The researchers then set out to determine what role MECP2 plays in gene activation. They looked at what molecules MECP2 binds to at this site, in addition to DNA, and found that MECP2 interacts directly with a protein complex called RNA polymerase II (RNA Pol II). RNA Pol II is a key cellular machine that transcribes DNA into RNA. RNA Pol II can’t find genes on its own, so it requires a variety of cofactors, or protein collaborators, to help it do its job.

The researchers propose that MECP2 serves as one such cofactor, helping RNA Pol II initiate transcription at genes where MECP2 binds. Structural analysis of MECP2 has identified parts of the molecule that bind to RNA Pol II, and other experiments have confirmed that loss of MECP2 reduces the presence of RNA Pol II at appropriate transcription start sites, as well as the expression levels of target genes.
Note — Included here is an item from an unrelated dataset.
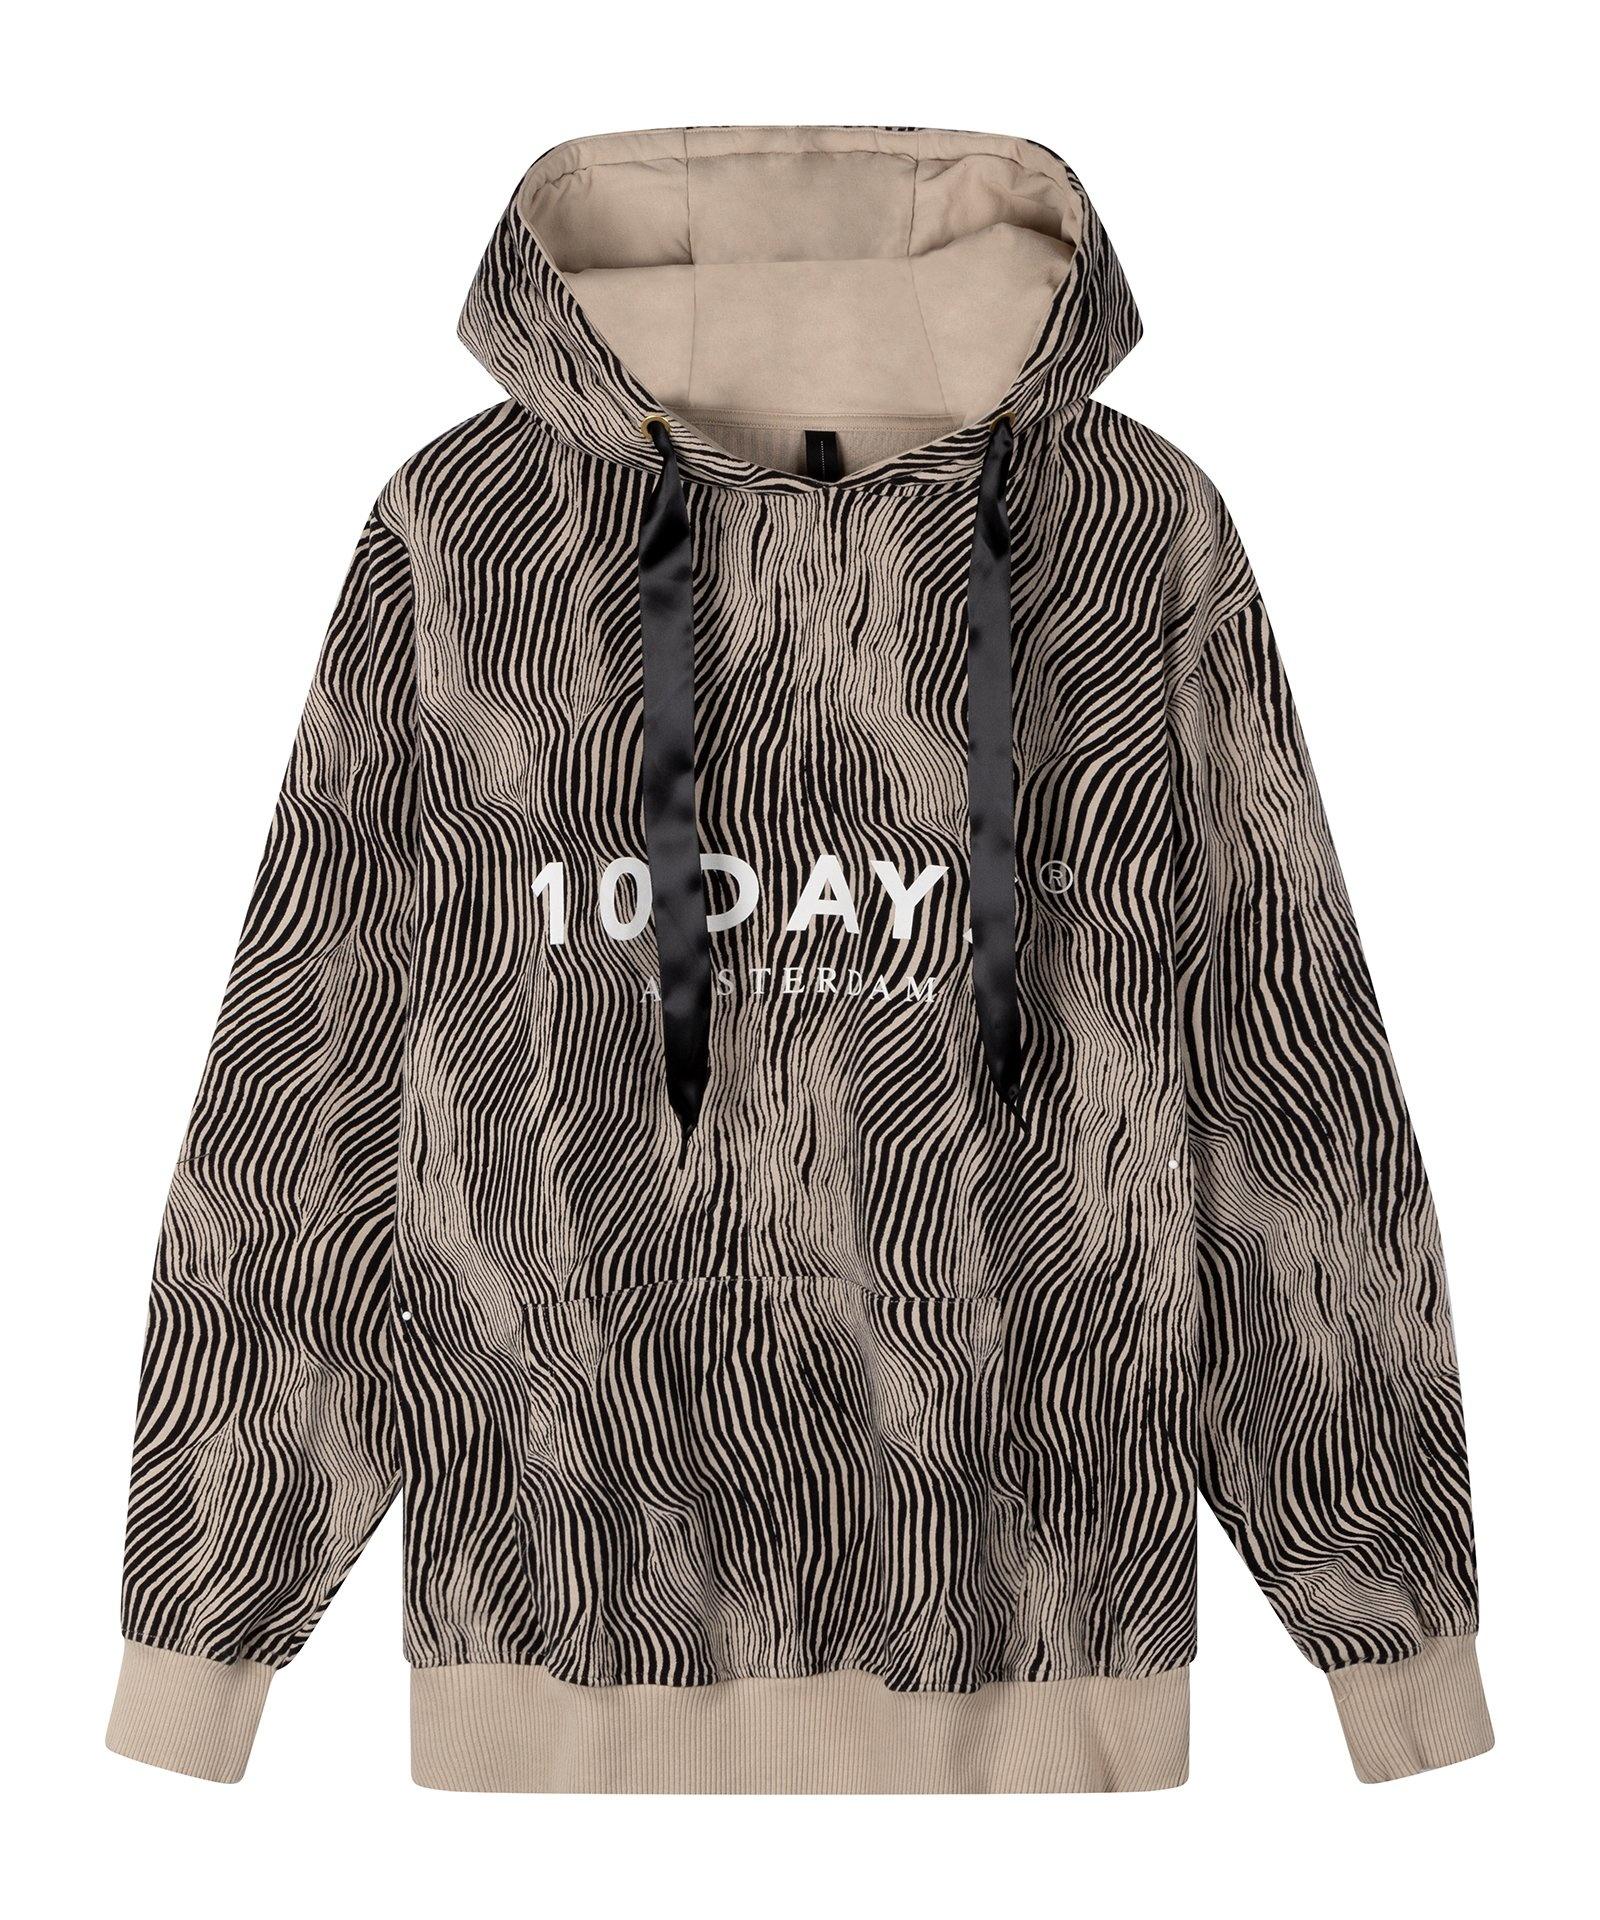 Trui hoodie zebra safari-1

This suggests that Rett syndrome may be caused by decreased transcription of genes targeted by MECP2 due to MECP2 mutations that prevent it from binding to RNA Pol II or binding to DNA. Consistent with this idea, most common MECP2 mutations associated with disease are truncations: mutations in which part of the protein is missing, which may alter the interaction between MECP2 and RNA Pol II.

The researchers hope that their findings will not only change our understanding of MECP2, but that a deeper and broader understanding of how MECP2 influences brain development and function could lead to new insights that will help people with Rett syndrome and related disorders, including autism.

"This project is a great example of the collaborative nature of the Janisch lab," says Flamier. "Rudolf and I had a specific problem related to Rett syndrome, and I had experience with the CUT&Tag technology, which could solve the problem. Through discussion, we realized that we could combine our efforts, and now we have a great repository of information about MECP2 and its links to disease."